(DATA BLOCK):
= Beginning of Section =

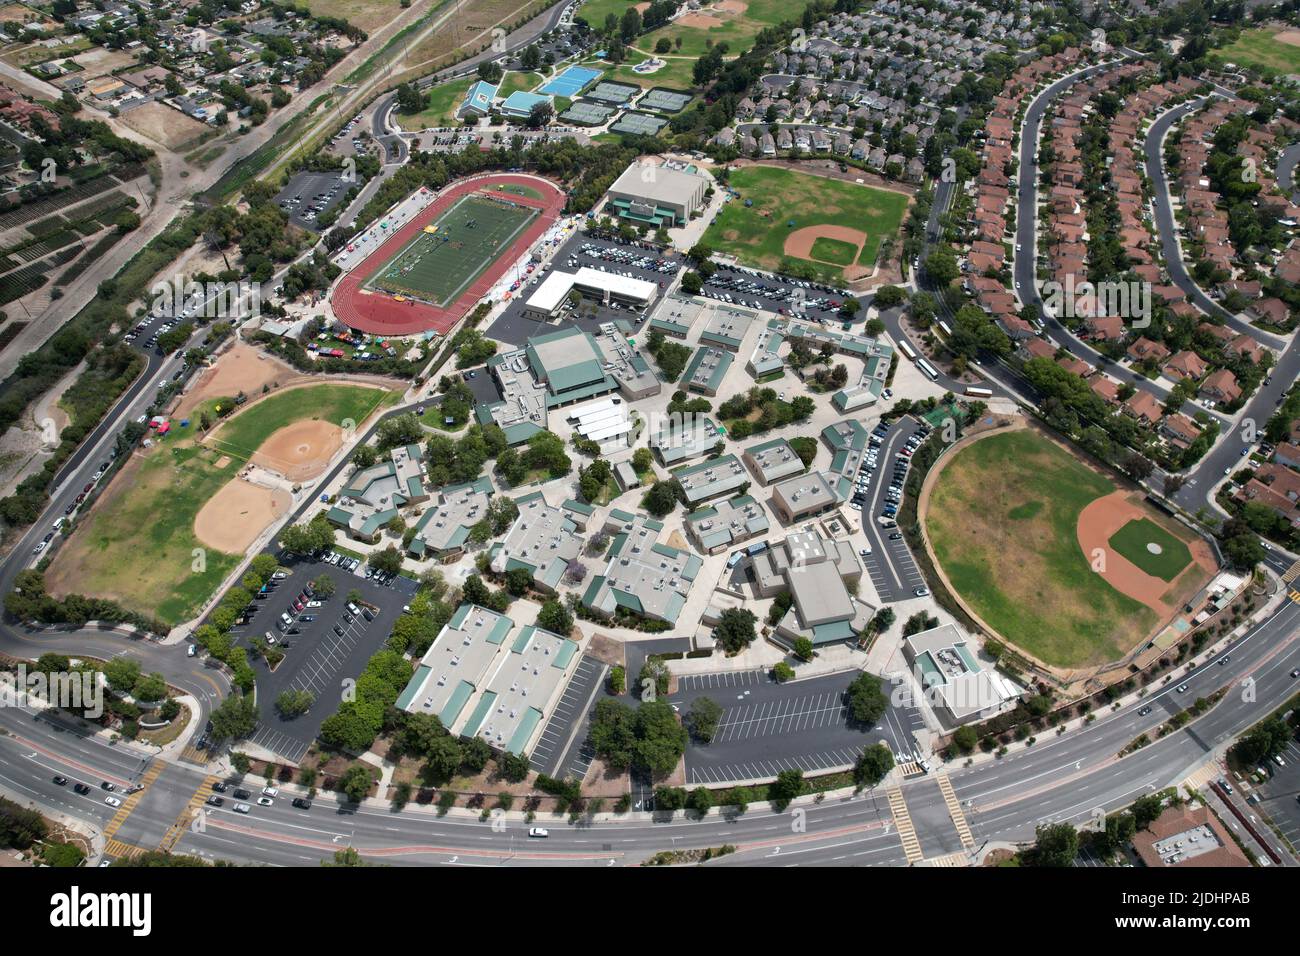 A general overall aerial view of the Moorpark High School campus and
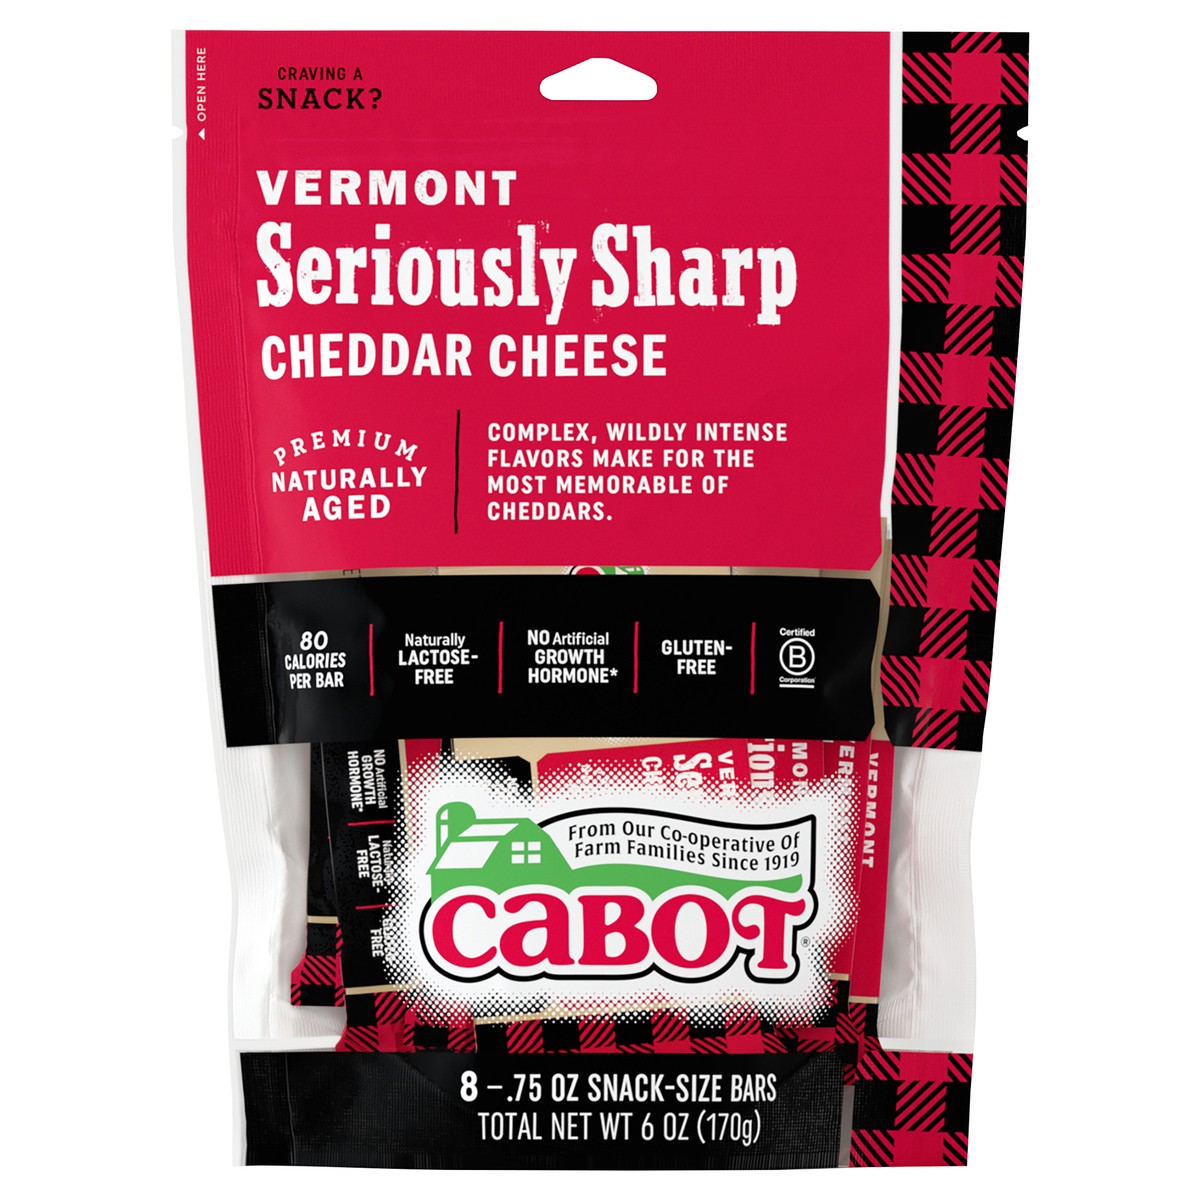 slide 1 of 10, Cabot Vermont Seriously Sharp Cheddar Cheese 8-0.75 oz Packs, 8 ct
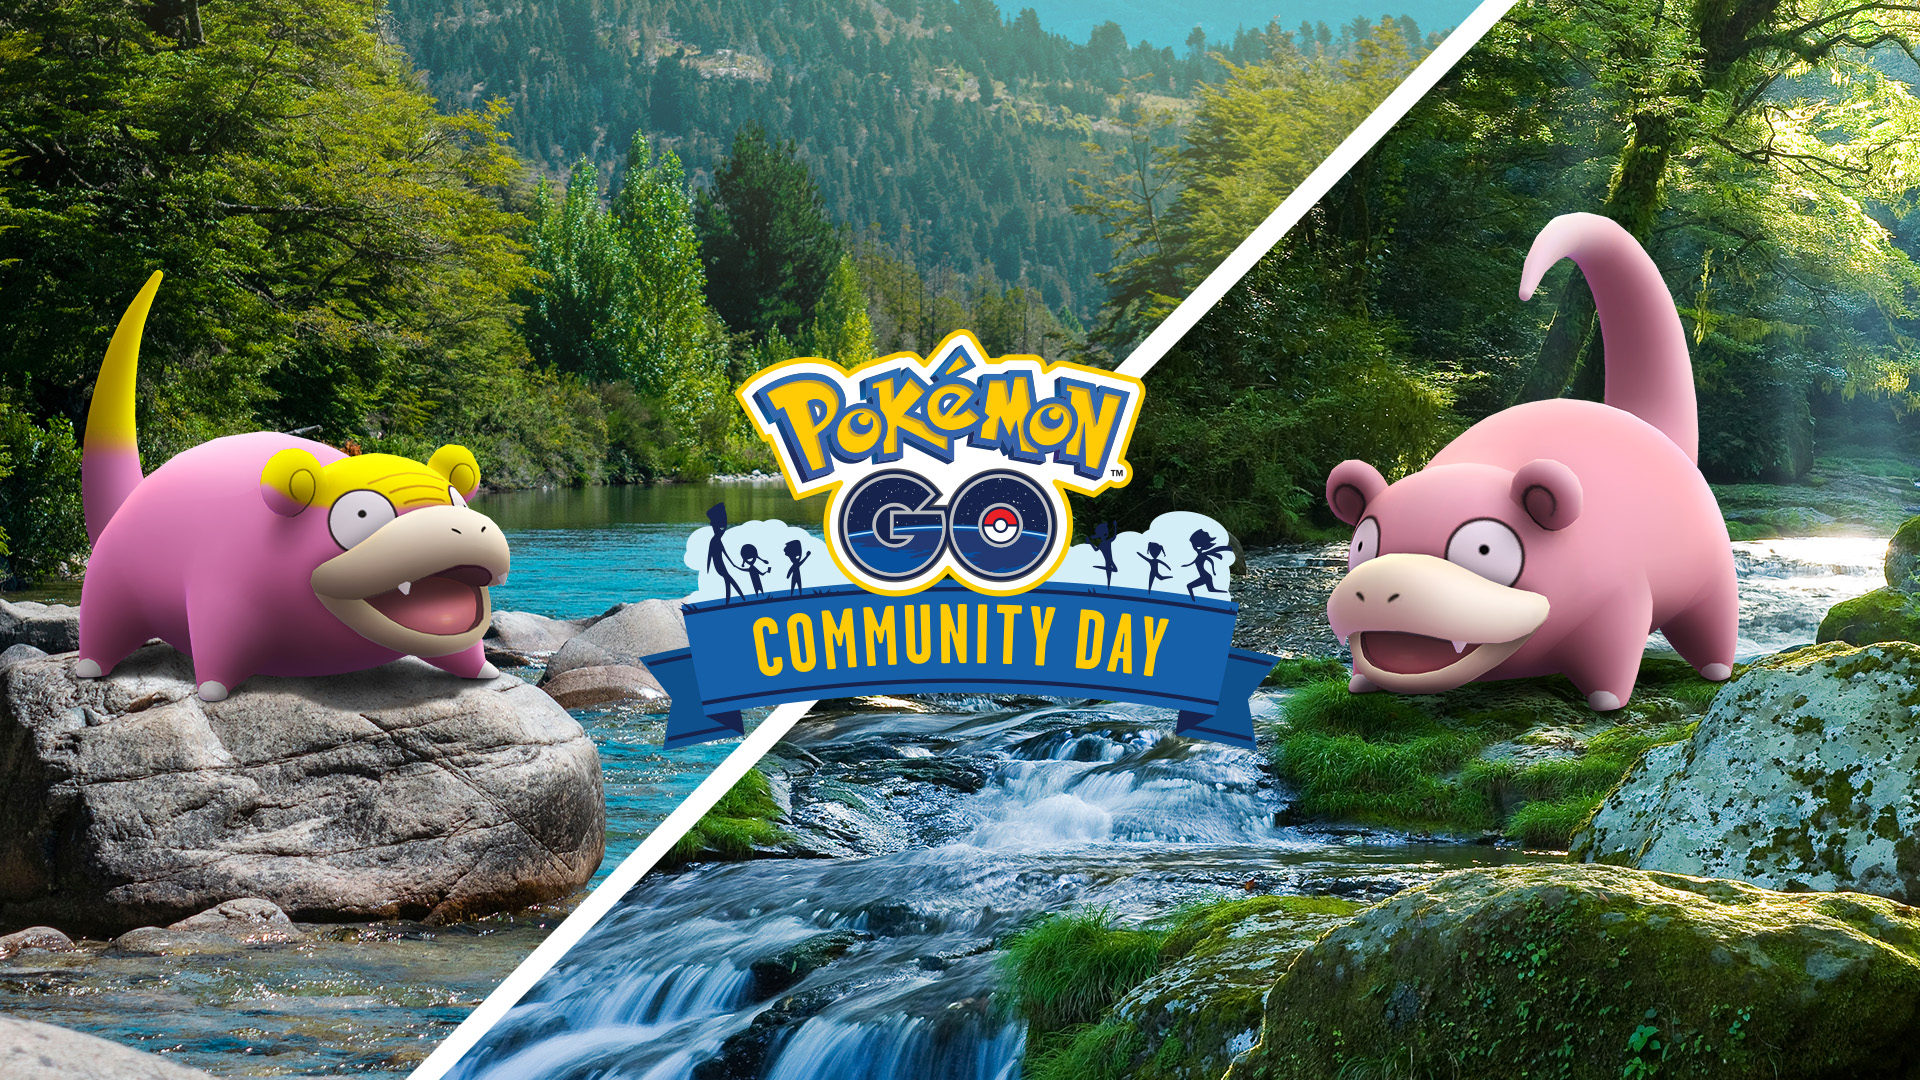 We at universel blog are excited to share with you our comprehensive guide to Pokemon Go Community Day

= End of Section =

Give back the data exactly. Pictures stay out.

(ANSWER TO THIS PROBLEM):
 A general overall aerial view of the Moorpark High School campus and
 slide 1 of 10, Cabot Vermont Seriously Sharp Cheddar Cheese 8-0.75 oz Packs, 8 ct
 We at universel blog are excited to share with you our comprehensive guide to Pokemon Go Community Day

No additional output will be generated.